Recognizing the build-up of long term stressors by checking physical symptoms or running through a checklist can allow a person to review their self-care habits and see if they’ve started dropping helpful habits or if they need to investigate new ones. Cutting back on sleep or numbing out in front of a screen are some of the initial tactics people use when they want to escape stress, but both will actually increase physical stress responses.

In “ Seven types of self-care activities for coping with stress ,” Barbara Markway Ph.D. tops her list with sensory activities that bring a person into the present moment and space, including: breathe in fresh air; snuggle under a cozy blanket; listen to running water; sit outdoors by a fire-pit, watching the flames and listening to the night sounds; wiggle your bare feet in overgrown grass; stare up at the sky; lie down where the afternoon sun streams in a window; and listen to music. Her other categories of suggestions include pleasures like enjoying a favorite meal, mental/mastery activities like cleaning out a junk drawer or reading something on a topic you wouldn’t normally explore, spiritual activities like lighting a candle, writing in a journal, or spending time in nature, and emotional activities such as accepting your feelings, laughing when you can, and practicing self-compassion.

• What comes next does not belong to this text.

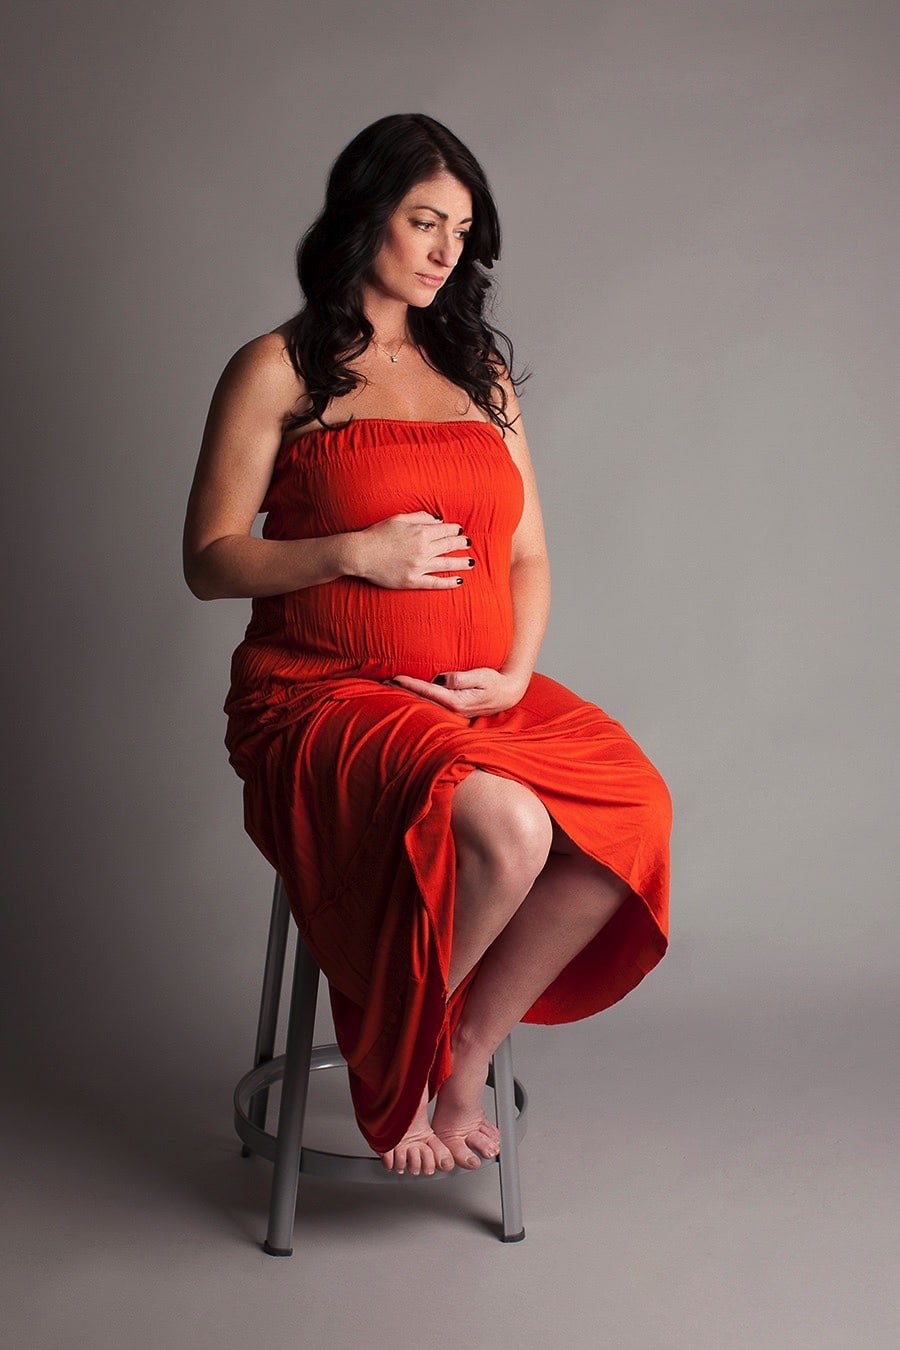 Comfortable And Casual Maternity Photos Miette Photography

Self-care habits need to be tailored to the individual. In “ 7 ways to help you destress ,” NAMI’s Laura Greenstein recognizes the scientifically proven benefits of meditation for many people, but admits that it just doesn’t help her much at all. Instead, she’s put together a list that includes the reasons these activities are beneficial and how to do them responsibly (particularly “retail therapy”). Making a music playlist is her first suggestion and she points to relatively new research in music therapy which indicates that music “has the ability to affect the speed of your brainwaves, which can help us achieve a therapeutic state.” As you might expect, her next suggestion is singing – in the car, in the shower, to the dog, alone, in a choir. “Research shows that singers have lower levels of cortisol, which suggests lower amounts of stress. It feels good to let something out and your voice, whether you know how to sing our [sic.] not, is something that you always have with you.” Coloring and calling your favorite funny friend are two of my other favorites from her list. Again, check out her article for full explanations and support for her suggestions.

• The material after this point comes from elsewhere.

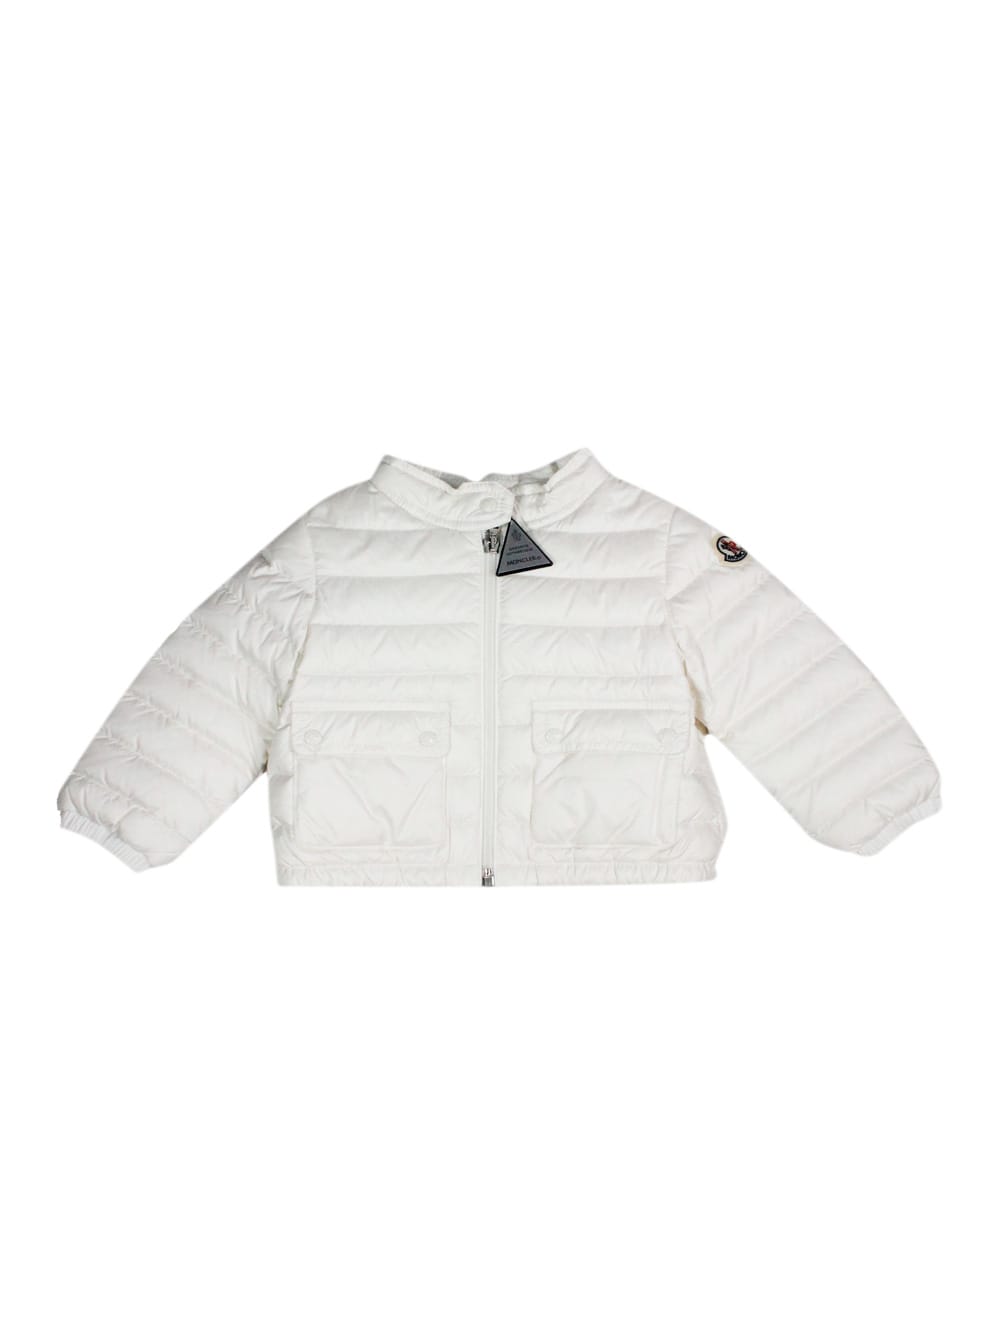 Moncler Lightweight 100 Gram Lans Long-sleeved Down Jacket With Front Zip Closure And Front Pockets. Logo On The Sleeve

In January 2017 Inc. magazine came out with “ 52 Ways You Can Be Kinder to Yourself , ” acknowledging the importance of finding healthy ways to manage stress and build resilience in our work lives as well as our personal lives. TED talks also put together a playlist of nine of their best talks on “ The importance of self-care ,” available for free on Youtube.

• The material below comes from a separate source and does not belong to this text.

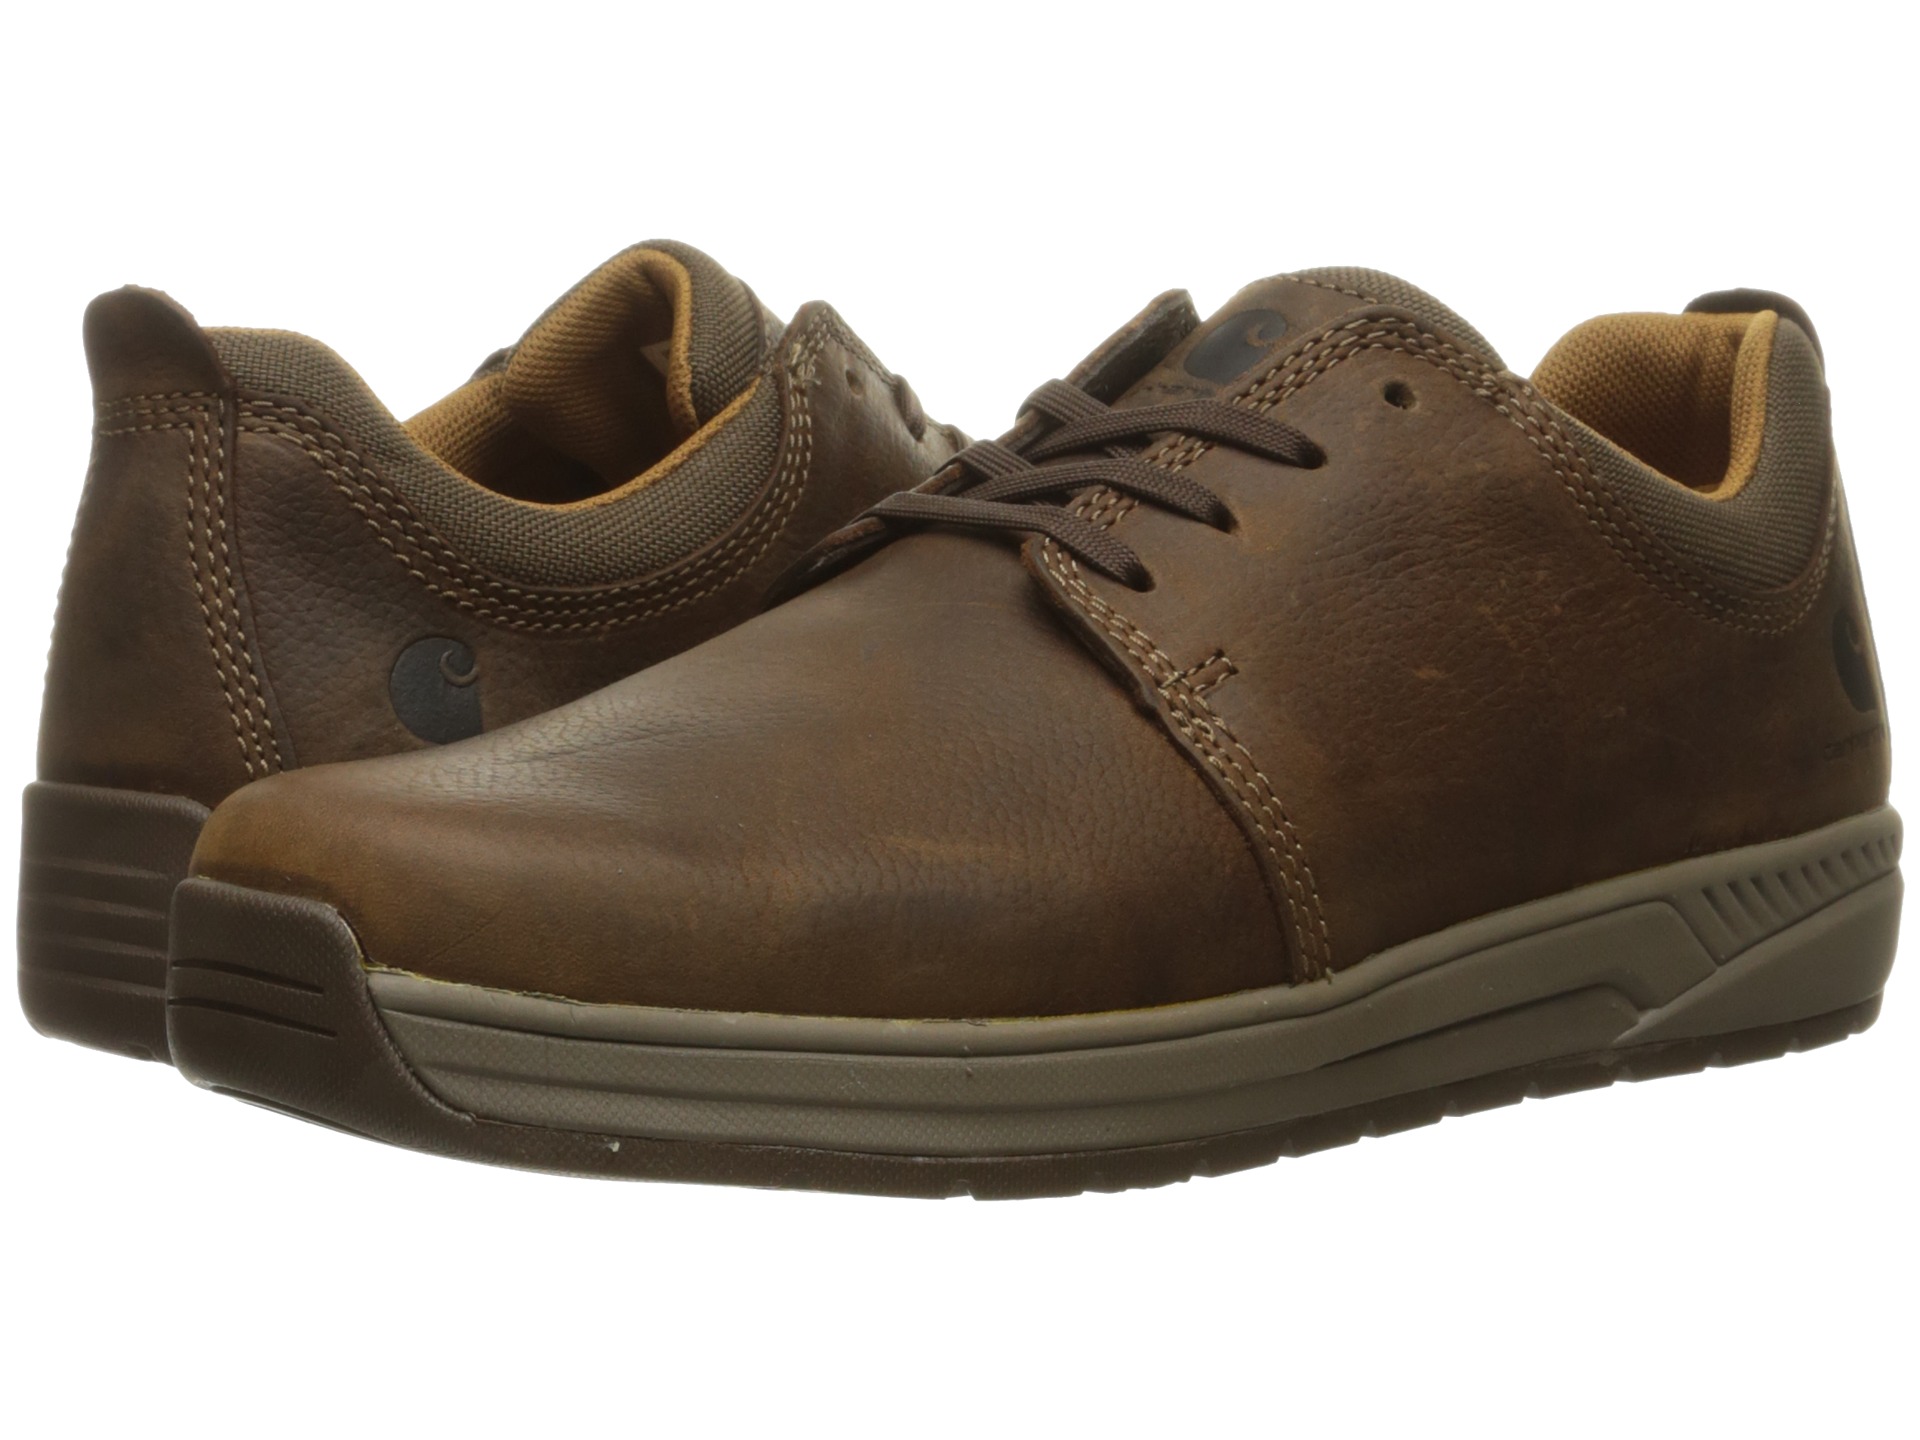 Carhartt Oxford Shoe Brown Oil Tanned Leather - Zappos.com Free ...

All of this attention to stress and to self-care as a remedy for stress emphasizes the importance of fostering resilience in our lives. Learning self-care tactics helps people manage stress, thereby reducing its traumatic effects. Instead of becoming more stressed, people can take action to become more flexible in their responses and thinking patterns. Stress can be managed, rather than just endured. This change in cognitive thinking leads to real resilience – both strength and elasticity – in our lives.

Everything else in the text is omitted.